Season of television series

The nineteenth season of Family Guy aired on Fox from September 27, 2020, to May 16, 2021.

The series follows the dysfunctional Griffin family, consisting of father Peter, mother Lois, daughter Meg, son Chris, baby Stewie, and the family dog Brian, who reside in their hometown of Quahog.

Season nineteen premiered the run of the eighteenth production season, which was executive produced by Seth MacFarlane, Alec Sulkin, Richard Appel, Steve Callaghan, Danny Smith, Kara Vallow, Mark Hentemann, Tom Devanney and Patrick Meighan. Sulkin and Appel returned as the series' showrunners.
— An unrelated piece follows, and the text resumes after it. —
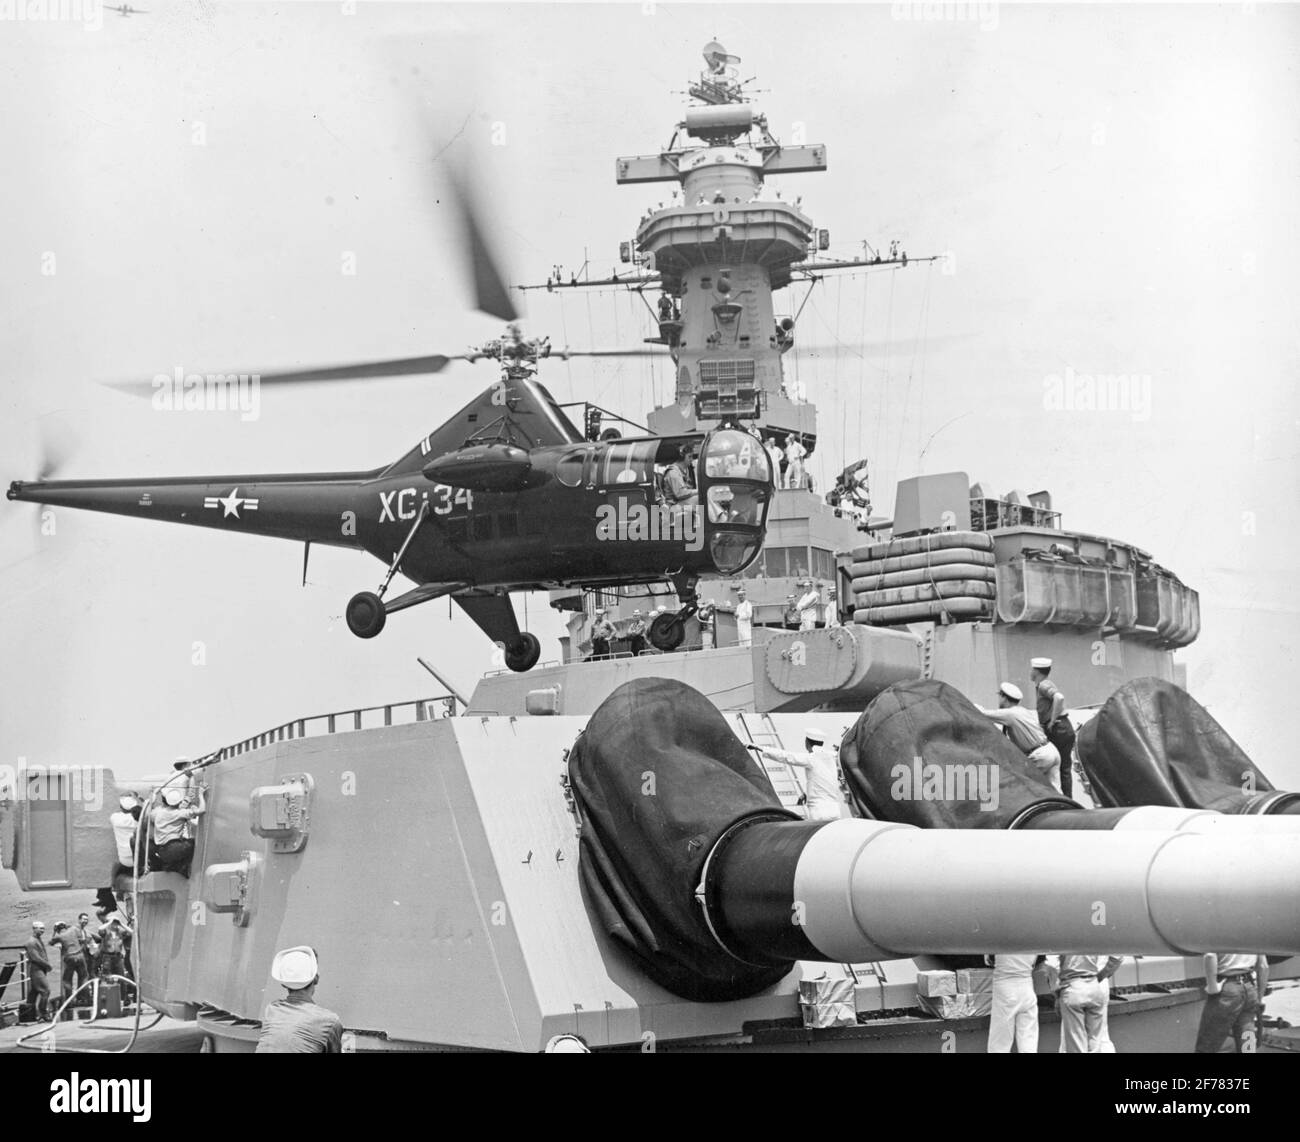 USS Missouri (BB-63) Sikorsky HO3S-1 Hubschrauber Landung auf dem vorderen 16-Zoll-Geschützturm, während der Midshipmen-Kreuzfahrt 1948. Wachposten, Schiffszeitungen und Personal wurden per Hubschrauber ausgetauscht, während das Kreuzfahrtgeschwader der Midshipmen auf See war. Die meisten Umschreibungen wurden durch schwebende Pick-up gemacht. Der Vorwärtsturm wurde als Landeplattform verwendet, da die Wasserflugzeugabstürme auf der Fantane des Schiffes den Betrieb von Hubschraubern dort verhinderten. Das Foto wurde am 13. September 1948 eingereicht. Offizielles US-Navy-Foto Stockfoto
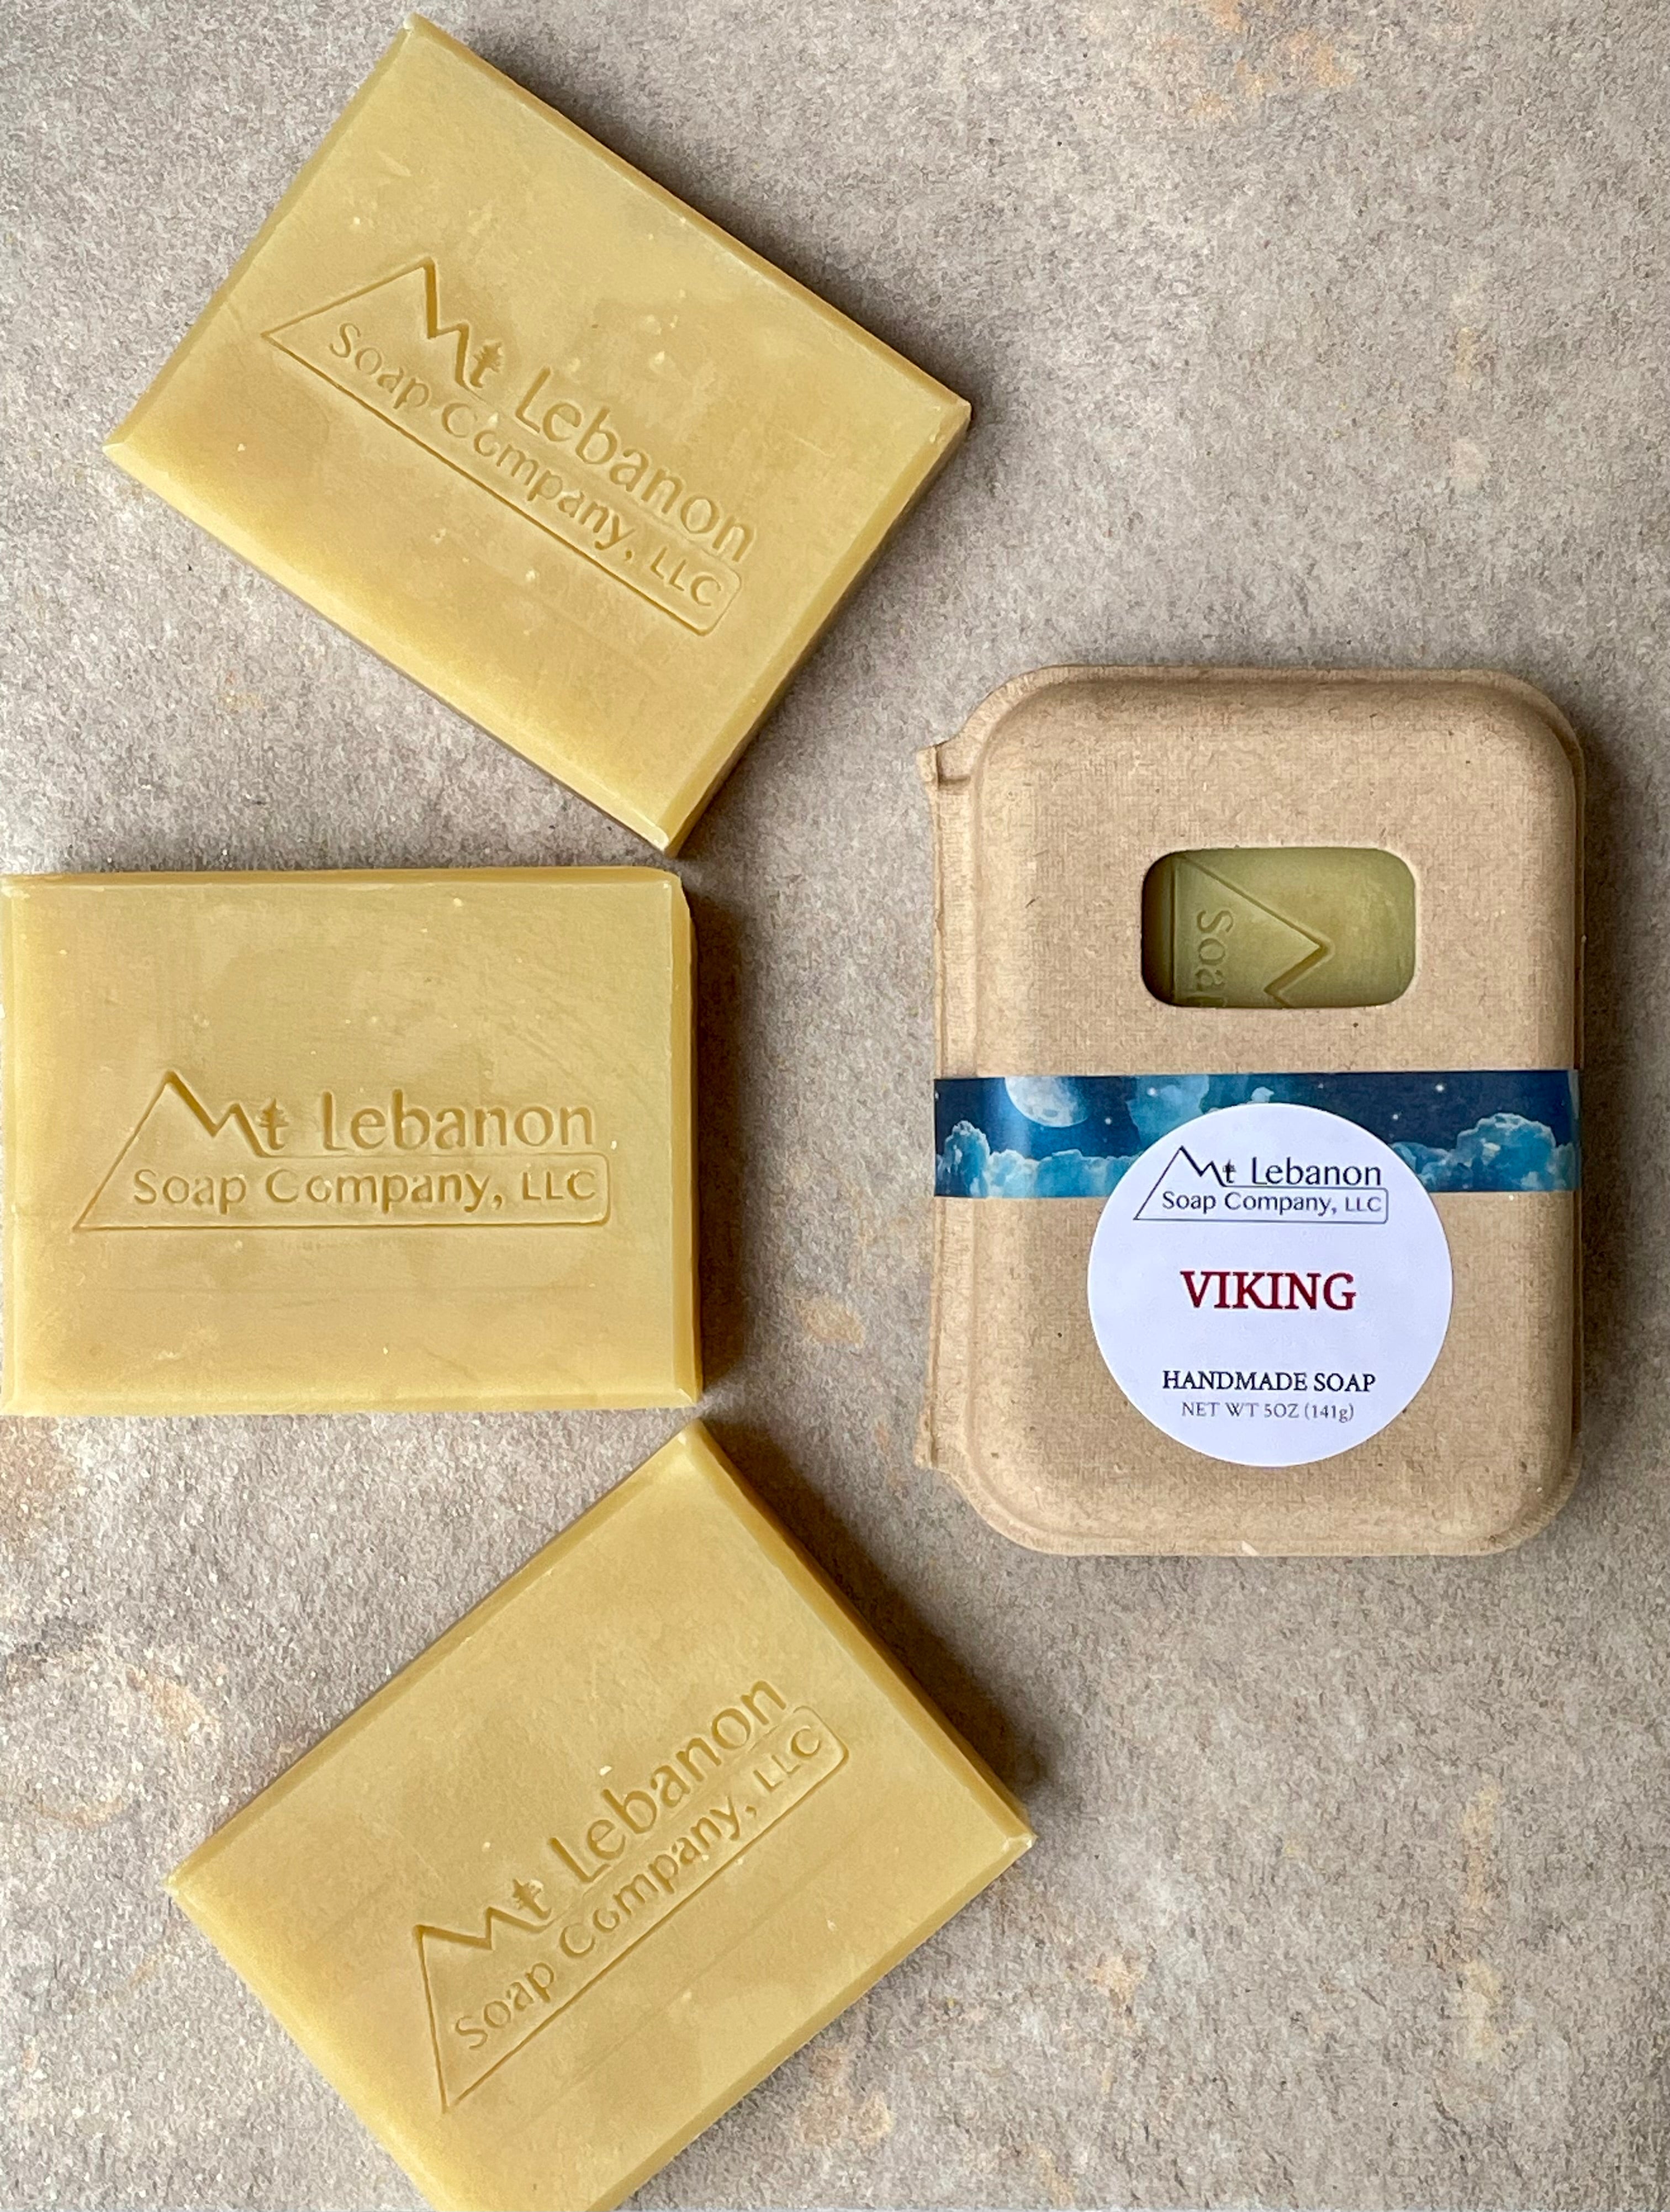 Viking Handmade Bar Soap

During this season, Stewie says his first word ("Stewie's First Word"), Peter becomes an Italian mob boss ("La Famiglia Guy"), Peter finds out his mortal enemy Ernie the Giant Chicken is dying ("Fecal Matters"), Quahog gets a new mayor, voiced by Sam Elliot ("Wild Wild West"), Meg adopts a cat ("Family Cat") and Brian and Stewie go on a Terminator-esque adventure to save Stewie's life ("PeTerminator").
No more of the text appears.